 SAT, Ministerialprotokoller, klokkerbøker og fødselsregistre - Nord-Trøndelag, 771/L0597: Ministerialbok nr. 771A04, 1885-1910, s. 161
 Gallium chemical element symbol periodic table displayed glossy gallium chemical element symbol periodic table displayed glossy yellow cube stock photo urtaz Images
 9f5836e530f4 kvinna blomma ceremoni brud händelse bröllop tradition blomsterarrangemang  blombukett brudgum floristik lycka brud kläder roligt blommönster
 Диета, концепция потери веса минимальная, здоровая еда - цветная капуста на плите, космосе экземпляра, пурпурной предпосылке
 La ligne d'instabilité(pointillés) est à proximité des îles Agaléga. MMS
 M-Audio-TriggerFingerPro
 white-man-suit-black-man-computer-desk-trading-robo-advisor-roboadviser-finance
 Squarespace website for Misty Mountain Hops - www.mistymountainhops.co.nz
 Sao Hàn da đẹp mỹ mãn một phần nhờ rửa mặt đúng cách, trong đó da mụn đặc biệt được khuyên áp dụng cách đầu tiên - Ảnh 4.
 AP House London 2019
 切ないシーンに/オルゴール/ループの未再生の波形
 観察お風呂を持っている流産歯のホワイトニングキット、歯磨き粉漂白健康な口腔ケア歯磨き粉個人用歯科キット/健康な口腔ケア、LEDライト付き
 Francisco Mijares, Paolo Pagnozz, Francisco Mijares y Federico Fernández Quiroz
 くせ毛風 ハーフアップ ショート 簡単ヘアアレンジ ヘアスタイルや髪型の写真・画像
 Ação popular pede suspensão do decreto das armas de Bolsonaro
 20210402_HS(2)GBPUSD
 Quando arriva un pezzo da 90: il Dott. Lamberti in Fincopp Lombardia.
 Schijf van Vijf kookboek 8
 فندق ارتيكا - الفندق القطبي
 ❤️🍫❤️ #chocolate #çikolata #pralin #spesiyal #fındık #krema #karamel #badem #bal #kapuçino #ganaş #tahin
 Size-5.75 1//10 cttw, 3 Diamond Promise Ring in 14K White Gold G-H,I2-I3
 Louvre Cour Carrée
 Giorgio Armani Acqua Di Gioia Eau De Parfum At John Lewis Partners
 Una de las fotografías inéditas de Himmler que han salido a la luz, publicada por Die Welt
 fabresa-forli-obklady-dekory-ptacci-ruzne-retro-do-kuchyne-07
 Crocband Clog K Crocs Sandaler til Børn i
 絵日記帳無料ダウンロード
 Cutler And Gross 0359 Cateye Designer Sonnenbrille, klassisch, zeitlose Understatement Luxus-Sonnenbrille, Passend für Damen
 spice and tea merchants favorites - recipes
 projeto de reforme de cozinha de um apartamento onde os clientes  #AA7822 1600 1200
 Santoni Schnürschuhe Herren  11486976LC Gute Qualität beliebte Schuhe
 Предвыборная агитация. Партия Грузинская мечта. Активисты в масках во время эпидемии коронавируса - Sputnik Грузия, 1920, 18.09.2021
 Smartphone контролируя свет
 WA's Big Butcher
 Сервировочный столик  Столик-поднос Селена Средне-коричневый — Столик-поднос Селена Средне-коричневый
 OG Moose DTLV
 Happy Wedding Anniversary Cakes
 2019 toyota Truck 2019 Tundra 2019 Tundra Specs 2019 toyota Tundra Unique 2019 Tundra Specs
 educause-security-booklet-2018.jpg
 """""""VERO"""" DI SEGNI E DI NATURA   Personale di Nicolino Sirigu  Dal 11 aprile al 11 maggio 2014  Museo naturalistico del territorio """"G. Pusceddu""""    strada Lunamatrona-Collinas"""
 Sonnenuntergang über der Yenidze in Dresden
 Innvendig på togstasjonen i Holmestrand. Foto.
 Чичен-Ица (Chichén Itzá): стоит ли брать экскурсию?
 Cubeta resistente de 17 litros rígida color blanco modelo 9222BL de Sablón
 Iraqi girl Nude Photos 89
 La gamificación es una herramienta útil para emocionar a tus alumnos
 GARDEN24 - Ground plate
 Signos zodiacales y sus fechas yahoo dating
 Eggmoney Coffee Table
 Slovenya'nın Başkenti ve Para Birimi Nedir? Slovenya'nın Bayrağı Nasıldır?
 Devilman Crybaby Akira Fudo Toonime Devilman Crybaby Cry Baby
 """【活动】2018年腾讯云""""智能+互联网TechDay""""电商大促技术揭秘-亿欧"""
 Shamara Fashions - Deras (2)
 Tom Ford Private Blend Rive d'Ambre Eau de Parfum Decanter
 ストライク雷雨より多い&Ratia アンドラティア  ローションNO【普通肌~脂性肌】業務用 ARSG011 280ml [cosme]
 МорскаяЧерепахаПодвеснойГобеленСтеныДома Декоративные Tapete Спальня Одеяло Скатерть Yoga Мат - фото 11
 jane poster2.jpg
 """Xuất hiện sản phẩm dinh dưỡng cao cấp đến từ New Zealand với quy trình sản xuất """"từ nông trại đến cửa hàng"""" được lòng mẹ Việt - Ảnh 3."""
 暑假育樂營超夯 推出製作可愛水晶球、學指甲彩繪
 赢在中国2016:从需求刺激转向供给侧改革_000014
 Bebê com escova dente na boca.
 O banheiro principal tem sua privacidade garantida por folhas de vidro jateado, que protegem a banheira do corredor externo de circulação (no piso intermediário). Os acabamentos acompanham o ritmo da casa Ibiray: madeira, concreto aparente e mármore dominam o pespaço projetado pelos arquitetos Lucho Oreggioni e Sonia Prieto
-*-*-
> [What needs to be done] Print out all of the records above, word for word.

> [Answer box]
 SAT, Ministerialprotokoller, klokkerbøker og fødselsregistre - Nord-Trøndelag, 771/L0597: Ministerialbok nr. 771A04, 1885-1910, s. 161
 Gallium chemical element symbol periodic table displayed glossy gallium chemical element symbol periodic table displayed glossy yellow cube stock photo urtaz Images
 9f5836e530f4 kvinna blomma ceremoni brud händelse bröllop tradition blomsterarrangemang  blombukett brudgum floristik lycka brud kläder roligt blommönster
 Диета, концепция потери веса минимальная, здоровая еда - цветная капуста на плите, космосе экземпляра, пурпурной предпосылке
 La ligne d'instabilité(pointillés) est à proximité des îles Agaléga. MMS
 M-Audio-TriggerFingerPro
 white-man-suit-black-man-computer-desk-trading-robo-advisor-roboadviser-finance
 Squarespace website for Misty Mountain Hops - www.mistymountainhops.co.nz
 Sao Hàn da đẹp mỹ mãn một phần nhờ rửa mặt đúng cách, trong đó da mụn đặc biệt được khuyên áp dụng cách đầu tiên - Ảnh 4.
 AP House London 2019
 切ないシーンに/オルゴール/ループの未再生の波形
 観察お風呂を持っている流産歯のホワイトニングキット、歯磨き粉漂白健康な口腔ケア歯磨き粉個人用歯科キット/健康な口腔ケア、LEDライト付き
 Francisco Mijares, Paolo Pagnozz, Francisco Mijares y Federico Fernández Quiroz
 くせ毛風 ハーフアップ ショート 簡単ヘアアレンジ ヘアスタイルや髪型の写真・画像
 Ação popular pede suspensão do decreto das armas de Bolsonaro
 20210402_HS(2)GBPUSD
 Quando arriva un pezzo da 90: il Dott. Lamberti in Fincopp Lombardia.
 Schijf van Vijf kookboek 8
 فندق ارتيكا - الفندق القطبي
 ❤️🍫❤️ #chocolate #çikolata #pralin #spesiyal #fındık #krema #karamel #badem #bal #kapuçino #ganaş #tahin
 Size-5.75 1//10 cttw, 3 Diamond Promise Ring in 14K White Gold G-H,I2-I3
 Louvre Cour Carrée
 Giorgio Armani Acqua Di Gioia Eau De Parfum At John Lewis Partners
 Una de las fotografías inéditas de Himmler que han salido a la luz, publicada por Die Welt
 fabresa-forli-obklady-dekory-ptacci-ruzne-retro-do-kuchyne-07
 Crocband Clog K Crocs Sandaler til Børn i
 絵日記帳無料ダウンロード
 Cutler And Gross 0359 Cateye Designer Sonnenbrille, klassisch, zeitlose Understatement Luxus-Sonnenbrille, Passend für Damen
 spice and tea merchants favorites - recipes
 projeto de reforme de cozinha de um apartamento onde os clientes  #AA7822 1600 1200
 Santoni Schnürschuhe Herren  11486976LC Gute Qualität beliebte Schuhe
 Предвыборная агитация. Партия Грузинская мечта. Активисты в масках во время эпидемии коронавируса - Sputnik Грузия, 1920, 18.09.2021
 Smartphone контролируя свет
 WA's Big Butcher
 Сервировочный столик  Столик-поднос Селена Средне-коричневый — Столик-поднос Селена Средне-коричневый
 OG Moose DTLV
 Happy Wedding Anniversary Cakes
 2019 toyota Truck 2019 Tundra 2019 Tundra Specs 2019 toyota Tundra Unique 2019 Tundra Specs
 educause-security-booklet-2018.jpg
 """""""VERO"""" DI SEGNI E DI NATURA   Personale di Nicolino Sirigu  Dal 11 aprile al 11 maggio 2014  Museo naturalistico del territorio """"G. Pusceddu""""    strada Lunamatrona-Collinas"""
 Sonnenuntergang über der Yenidze in Dresden
 Innvendig på togstasjonen i Holmestrand. Foto.
 Чичен-Ица (Chichén Itzá): стоит ли брать экскурсию?
 Cubeta resistente de 17 litros rígida color blanco modelo 9222BL de Sablón
 Iraqi girl Nude Photos 89
 La gamificación es una herramienta útil para emocionar a tus alumnos
 GARDEN24 - Ground plate
 Signos zodiacales y sus fechas yahoo dating
 Eggmoney Coffee Table
 Slovenya'nın Başkenti ve Para Birimi Nedir? Slovenya'nın Bayrağı Nasıldır?
 Devilman Crybaby Akira Fudo Toonime Devilman Crybaby Cry Baby
 """【活动】2018年腾讯云""""智能+互联网TechDay""""电商大促技术揭秘-亿欧"""
 Shamara Fashions - Deras (2)
 Tom Ford Private Blend Rive d'Ambre Eau de Parfum Decanter
 ストライク雷雨より多い&Ratia アンドラティア  ローションNO【普通肌~脂性肌】業務用 ARSG011 280ml [cosme]
 МорскаяЧерепахаПодвеснойГобеленСтеныДома Декоративные Tapete Спальня Одеяло Скатерть Yoga Мат - фото 11
 jane poster2.jpg
 """Xuất hiện sản phẩm dinh dưỡng cao cấp đến từ New Zealand với quy trình sản xuất """"từ nông trại đến cửa hàng"""" được lòng mẹ Việt - Ảnh 3."""
 暑假育樂營超夯 推出製作可愛水晶球、學指甲彩繪
 赢在中国2016:从需求刺激转向供给侧改革_000014
 Bebê com escova dente na boca.
 O banheiro principal tem sua privacidade garantida por folhas de vidro jateado, que protegem a banheira do corredor externo de circulação (no piso intermediário). Os acabamentos acompanham o ritmo da casa Ibiray: madeira, concreto aparente e mármore dominam o pespaço projetado pelos arquitetos Lucho Oreggioni e Sonia Prieto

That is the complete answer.